The scene at many supermarket dairy aisles across the country: a sign where the organic milk should be. Demand is rising dramatically and there aren’t enough farmers to meet it, causing a nationwide shortage. In Maine, the average age of a dairy farmer is 57, and there are too few new farmers entering the field to take their place.

Deadline for applications is June 1. Click here for information on the application process.

Enter the Wolfe’s Neck Farm Organic Dairy Farmer Training Program. This 18-month, residential training program is the first of its kind in the nation. The new program aims to reverse the shrinking population of organic dairy farmers by infusing the industry with qualified and experienced farmers, increasing the number of organic dairy farms in Maine by 30% over the next five years.


The program is launching this year, thanks to a major grant from the Danone Ecosystem Fund and Stonyfield.

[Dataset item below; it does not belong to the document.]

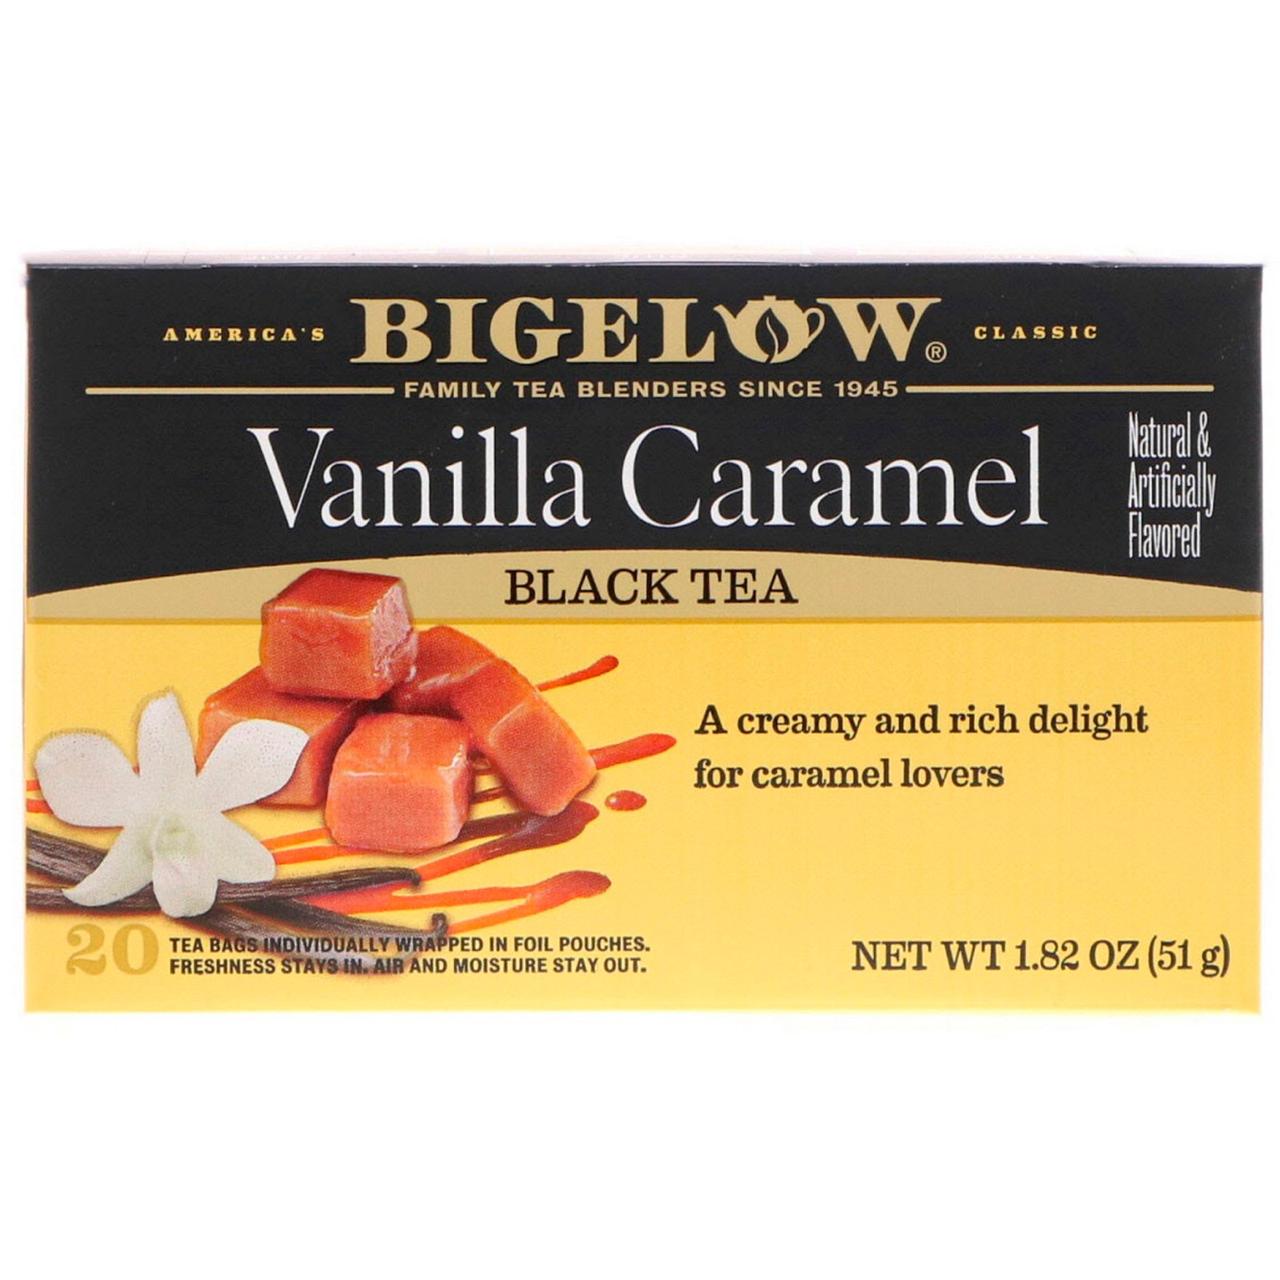 Чай с ароматом ванили и карамели, Bigelow, 20 п., 51 г
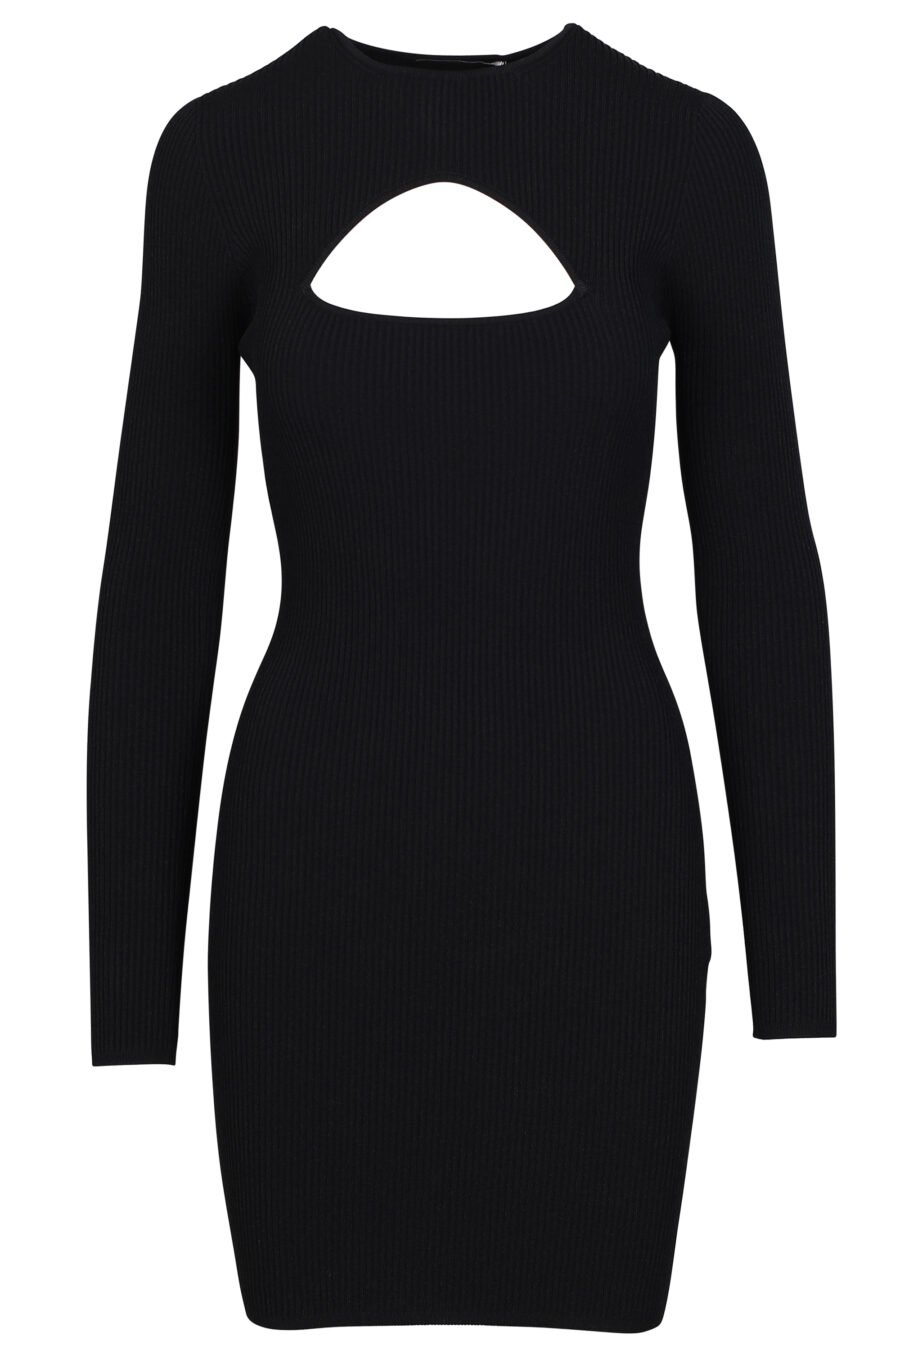 Kurzes schwarzes "Cut-Out" Kleid mit langen Ärmeln und Ausschnitt - 8054148010836

Wolfe’s Neck Farm is now actively recruiting its first class of four students.

Hands-On Learning Focused on Business Success

Wolfe’s Neck Farm is a nonprofit organization based in Freeport, Maine dedicated to promoting sustainable agriculture, education, and outdoor recreation while preserving its 626 acres of open space and historic buildings. This working saltwater farm has a rich history of farming innovation and includes hundreds of acres of forest, saltwater marsh, pasture lands, over four miles of Casco Bay coastline and an award-winning oceanfront campground. Click to learn more about the farm and its work.

“We’re designing the program to address the unique challenges faced by dairy farmers in our region by giving qualified young farmers the tools they need to succeed when starting up their own organic dairy.” Britt Lundgren, Stonyfield’s Director of Organic and Sustainable Agriculture.

This first-of-its kind program helps trainees go from inexperienced-to-expert in all aspects of organic dairy cow operations and management and starts  with students working on business and transition plans within their first month. Participants will live and work on the Wolfe’s Neck dairy farm, sharing production responsibilities and gaining the skills, confidence and technical expertise they need to start their own viable, sustainable farms.

Using the farm’s pasture-based low-grain operation as a classroom, students will focus on all elements of commercial organic dairy production from pasture, forage and crop management, to dairy nutrition, herd health, and low stress livestock handling, to milk production, and facilities planning, design and maintenance.

The course includes an emphasis on business management as well, so that students head out with the background they need in business planning, data collection and analysis and financial management to ensure their success in the future. Starting in the first month of the program, students will begin developing their own business plans. Then, shortly before graduation they’ll present their plans to a panel of industry experts who will provide feedback, guidance and, eventually, approval.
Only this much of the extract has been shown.